In October 2018, a coalition of large public pension funds, asset managers, law professors, and non-profit organizations filed a petition with the SEC for a rulemaking on ESG disclosures. The petition called on the SEC to develop a comprehensive ESG disclosure framework, and identified seven specific issues that the SEC could act on immediately: (1) climate risk; (2) annual ESG disclosures based on the Global Reporting Initiative (GRI) framework; (3) gender pay ratios; (4) human capital management; (5) human rights; (6) political spending; and (7) tax disclosure.

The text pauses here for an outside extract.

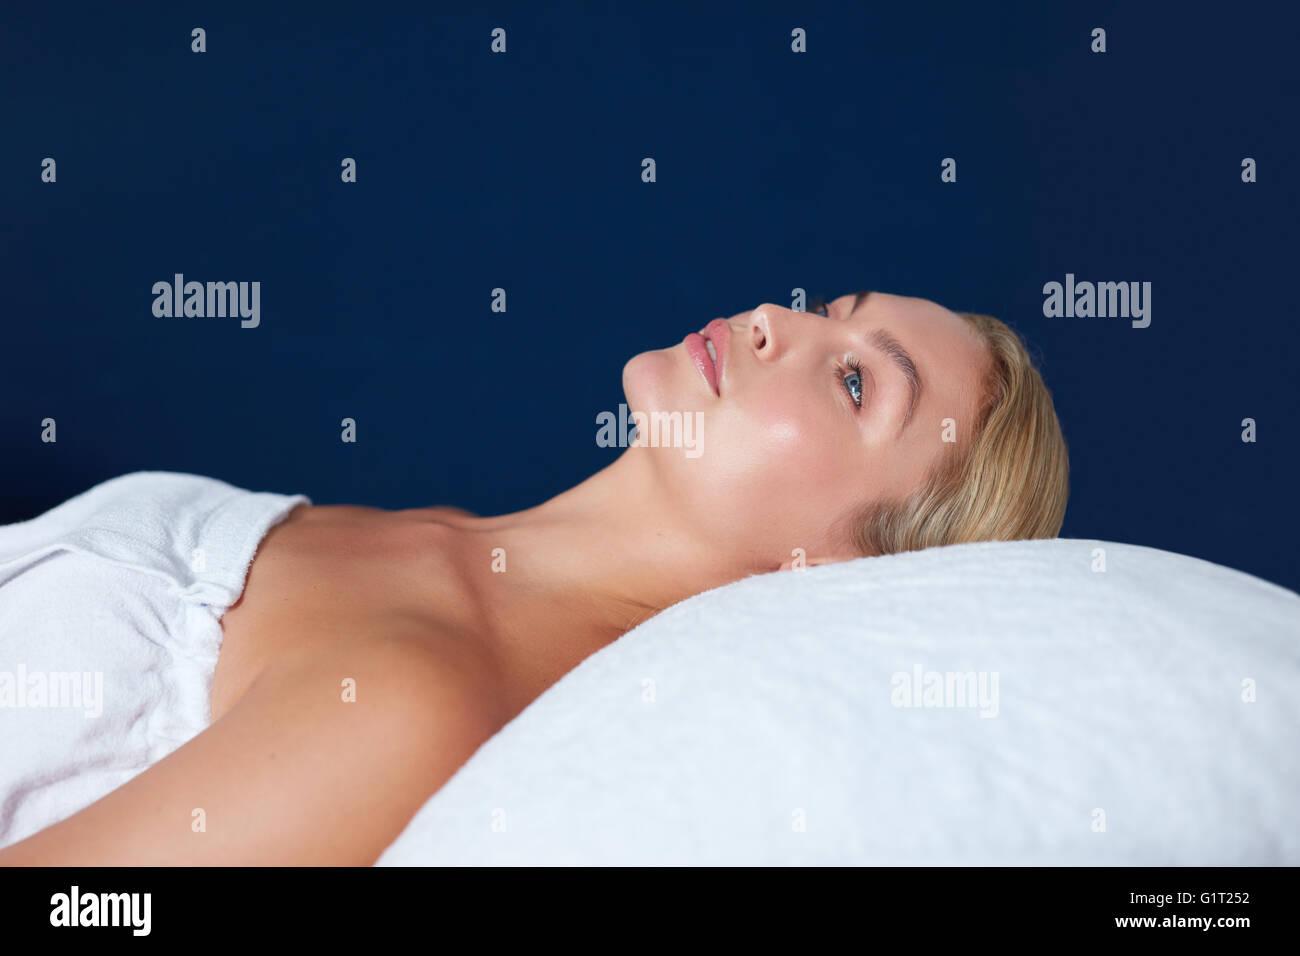 Richtungskontrolle Blick der jungen Frau liegt auf massage-Bett. Schöne Frau wartet auf ihren Spa-Behandlung Stockbild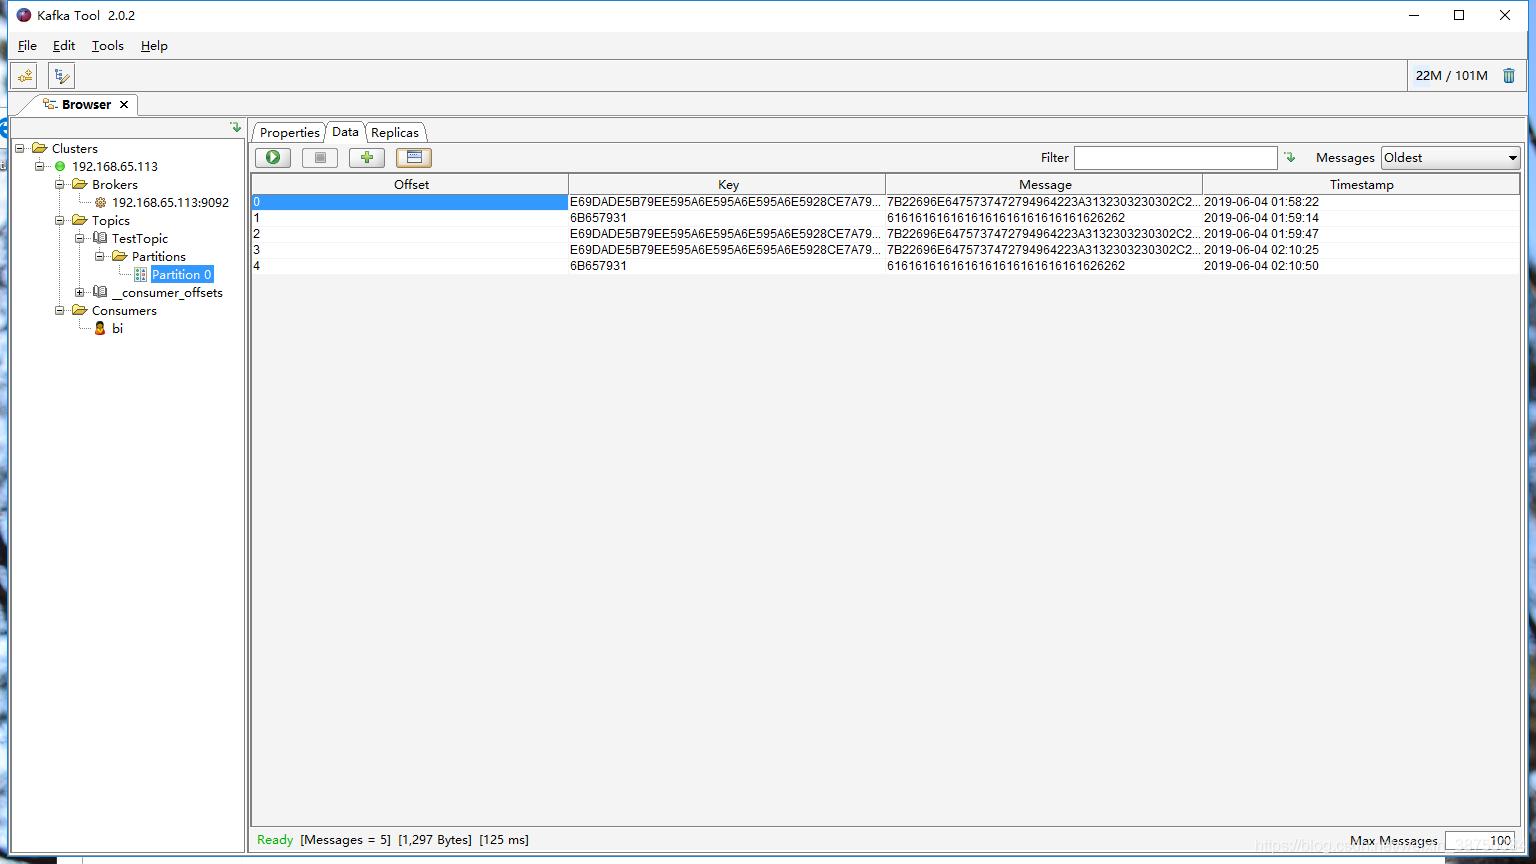 docker:安装kafka单机版 - 代码天地

In January 2020, a task force sponsored by the International Business Council (IBC) of the World Economic Forum (WEF), has released a consultation draft proposing a set of common disclosures aligned with the UN Sustainable Development Goals. The task force was chaired by Brian Moynihan, Chairman and CEO of Bank of America and Chairman of the IBC, and included experts from each of the Big Four accounting firms—Deloitte, EY, KPMG and PwC. The draft framework titled “Toward Common Metrics and Consistent Reporting of Sustainable Value Creation” proposes a set of disclosures organized into four pillars grounded in the UN Sustainable Development Goals: the Principles of Governance, Planet, People and Prosperity. The proposed “People” metrics and disclosures include: risk of incidents of child and forced labor, discrimination and harassment incidents, gender equality, and risks to the right of freedom of association and collective bargaining.
In addition, over 2,300 investment managers, asset managers, and service providers representing over $80 trillion in assets under management (AUM) are signatories to the UN-sponsored Principles for Responsible Investment (PRI), which commit these institutions to incorporating ESG factors into their investment decisions. Of these signatories, 458 are U.S. institutions, which collectively represent over $40 trillion AUM.
On January 18, 2019, the International Organization of Securities Commissions published a Statement on Disclosure of ESG Matters by Issuers, in which it encouraged issuers “to consider the materiality of ESG matters to their business” and “give insight into the governance and oversight of ESG-related material risks,” including by disclosing the methodology and findings of the corporate ESG risk assessment. The SEC was the only IOSCO member regulator not to sign on to the IOSCO’s statement. However, it is unlikely that the SEC will be able to resist the global push for ESG disclosures for long, and even if it does, the CHRRA Act demonstrates how Congress could unilaterally impose an ESG public disclosure requirement.